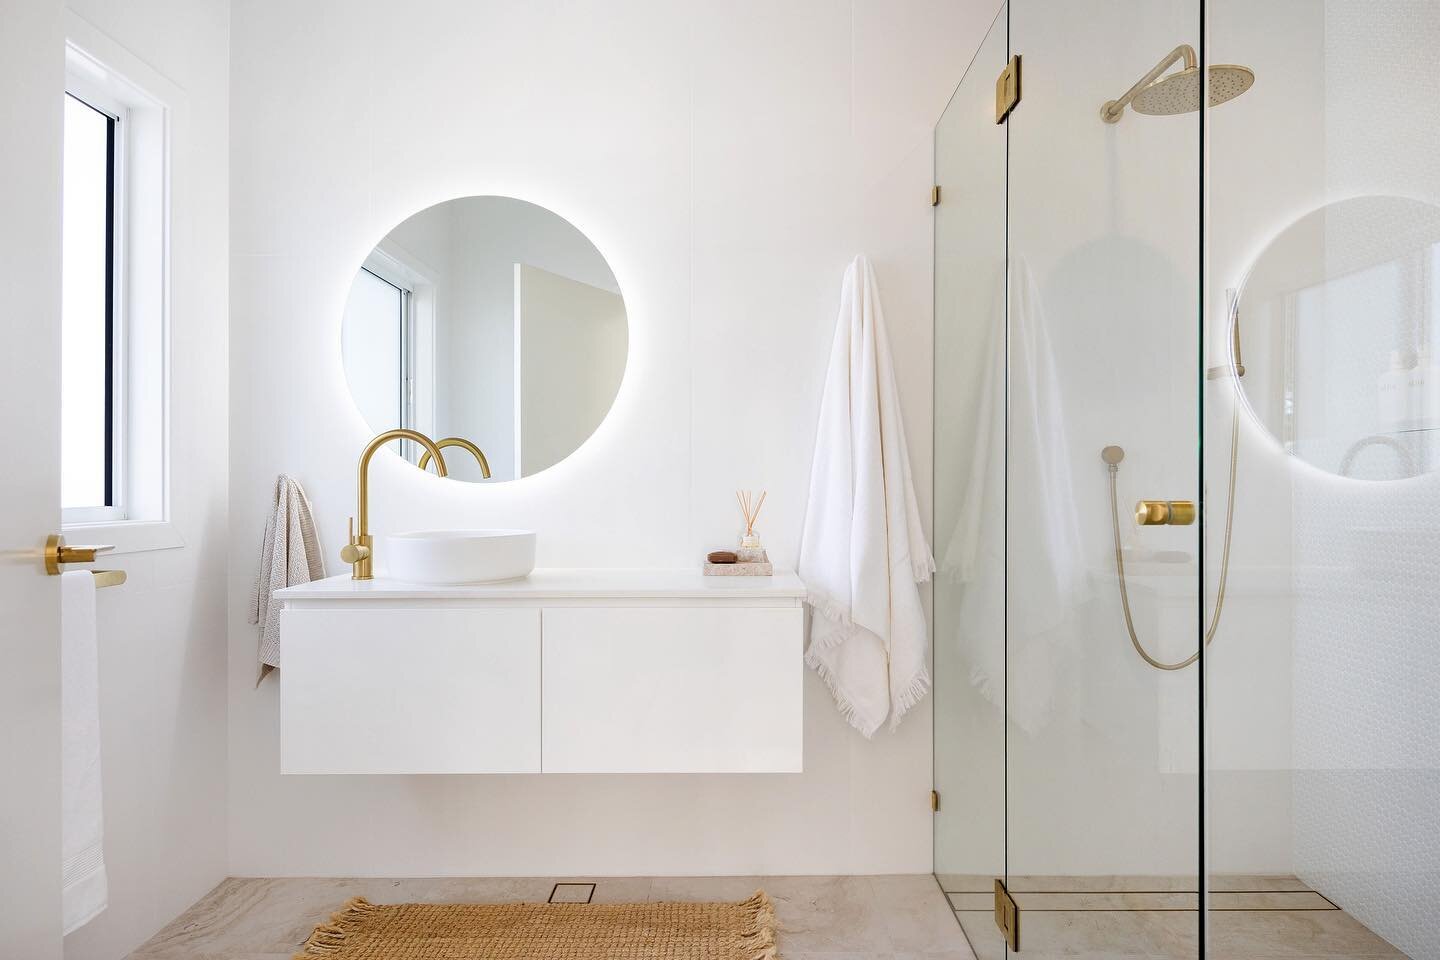 Back lit LED mirror in this stunning ensuite. 📷 @timtaplinphotography 
.
.
.
.
.
.
.
.
.
#howcroftelectricalservices #ulladullaelectrician #southcoastelectrician #electrical #mirror #LEDmirror

####################

Problem =>
Go through the listing above and retype each line exactly, apart from the pictures.

Result of this task =>
 Back lit LED mirror in this stunning ensuite. 📷 @timtaplinphotography 
.
.
.
.
.
.
.
.
.
#howcroftelectricalservices #ulladullaelectrician #southcoastelectrician #electrical #mirror #LEDmirror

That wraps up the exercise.